Dennis Waskul, a sociology professor at Ridgewater College and the chairman of the Willmar Human Rights Commission, gave an introduction to the need for human rights in an increasingly diverse rural Minnesota.
Waskul emigrated from the Ukraine when he was 11 and remembers his grandfather struggling with names like Anderson and Olson and wondering, "Why do they have to have such difficult names?"
Waskul cited an increasing diversification in Minnesota, and not just in the metro area. He said 10,000 Liberians are now living in Minneapolis and St. Paul has more Hmong than African-Americans. Willmar now has between 300 and 500 Somalis.
Waskul compared Paynesville with Pelican Rapids, a slightly smaller town in north central Minnesota. A plant there, according to Waskul, has recruited employees from 26 countries.
The reason for this immigration to our country is the opportunities here, Waskul told the chamber members. A man he knows in Willmar used to make 50 cents an hour in Guatemala but now makes $9 an hour at a turkey processing plant.
Diversity and uniqueness should be valued, according to Waskul. People want different houses, cars, hairstyles, clothes, and hobbies. He noted that a business community comprised solely of restaurants likely wouldn't be very successful. Just like diversity is needed in business, diversity in races and cultures is beneficial to a community.
Joe Voss, the chairman of the Paynesville Human Rights Commission, which organized Waskul's appearance at the chamber meeting, said the goal is to "recognize differences and still know that people are the same."
Waskul also spoke about providing adequate opportunities for youth, saying they need guidance, role models, community involvement, and positive social outlets.
The local human rights commission was formed five years ago. The commission also has dealt with issues concerning people with disabilities and senior citizens.
Paynesville is the smallest community in the state with a commission, according to Voss, who got the idea of forming one while serving as the city's mayor and being exposed to diversity issues in other communities.

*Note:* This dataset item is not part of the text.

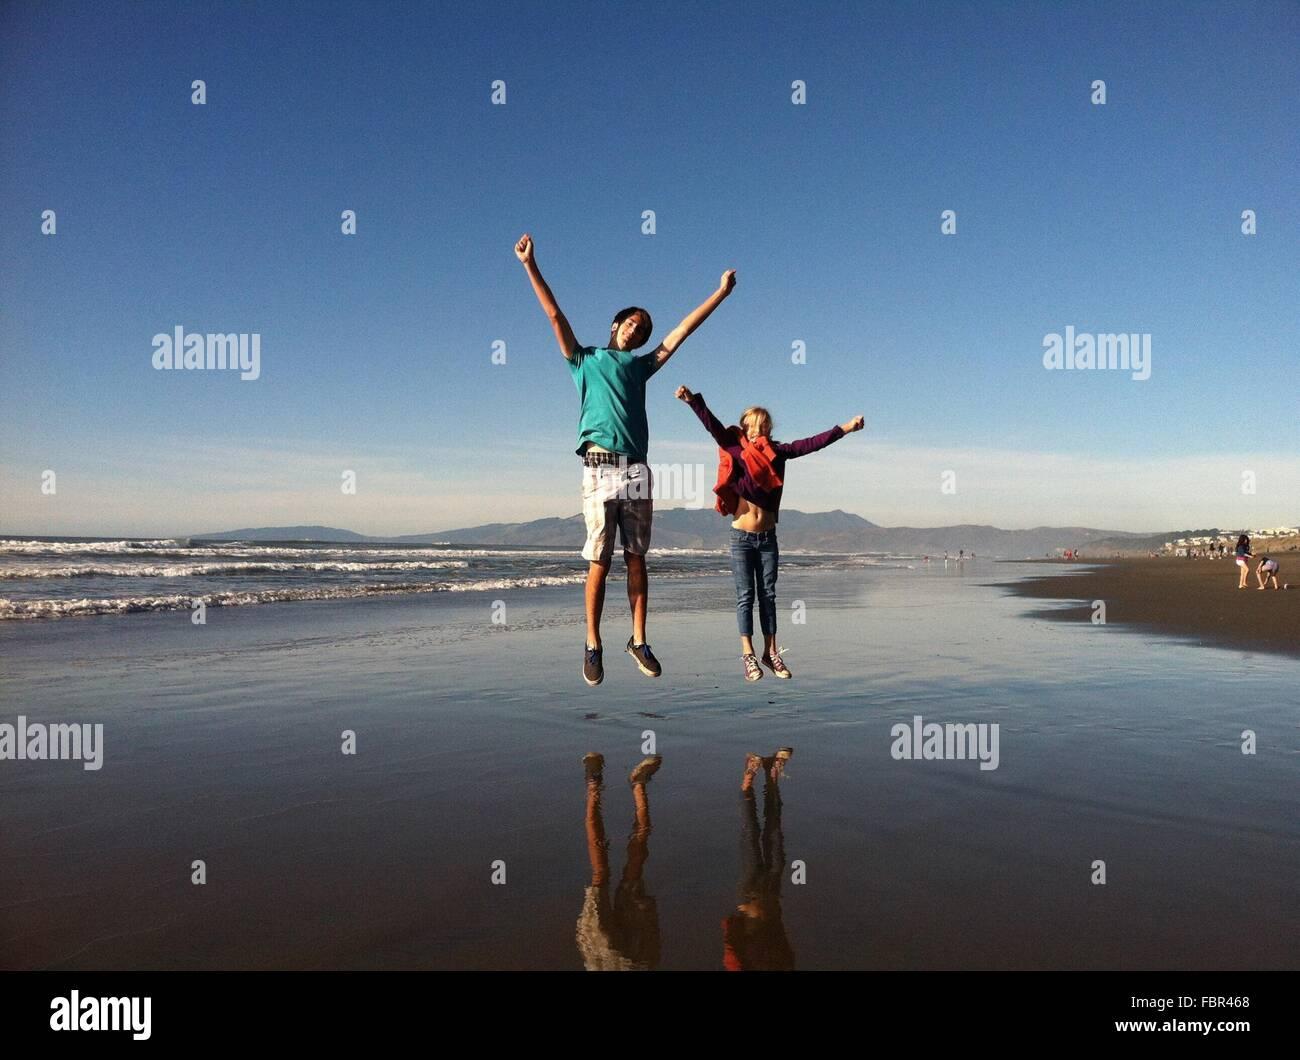 Longitud total de hermano y hermana, saltando en la playa Imagen De Stock
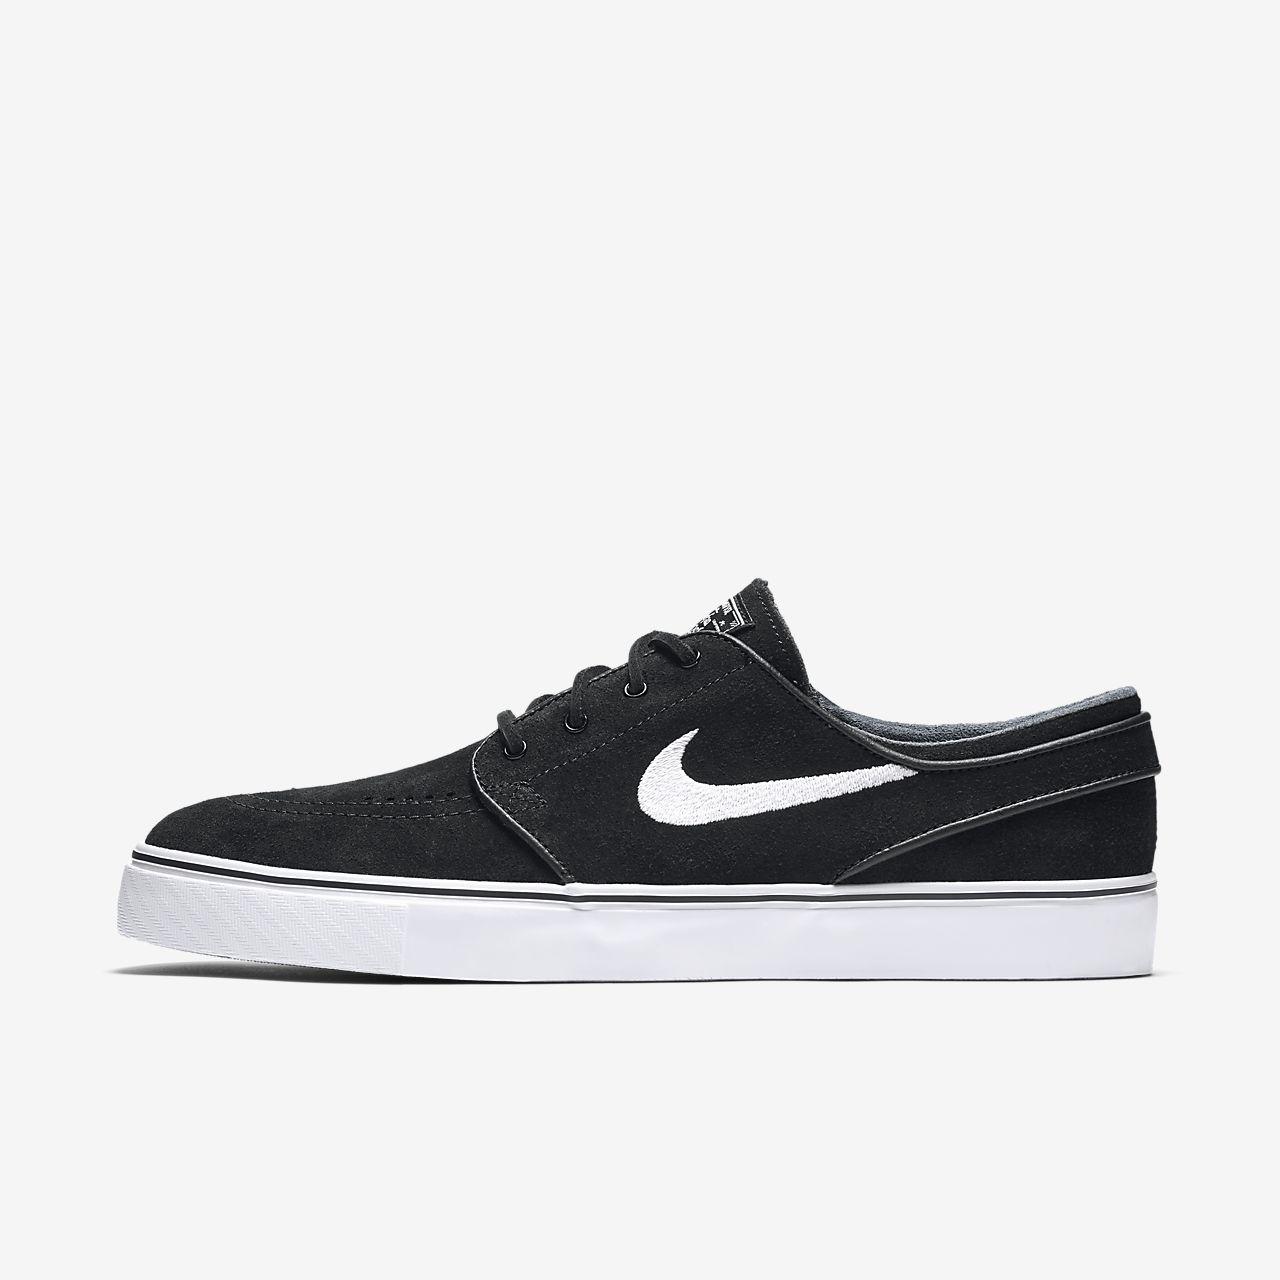 Janoski Stefan Nike OG Zoom Herren Skateboardschuh SB TlcF13JK

"When this diversity comes, and it will," explained Voss, "let's be ready and not have to deal with an explosive situation."
"We're trying to make a place for everyone in our community," he added.
The local commission consists of nine members. Father Richard Leisen represents the churches, Police Chief Tony Schmitt represents the police, Jean Soine represents the city council, and superintendent Howard Caldwell represents the school. Sherri Liebl and Joe and Sue Voss are community members, and Allison Thompson and Jaime Teicher represent the youth.
After the first of the year, the commission will be holding its annual coloring contest.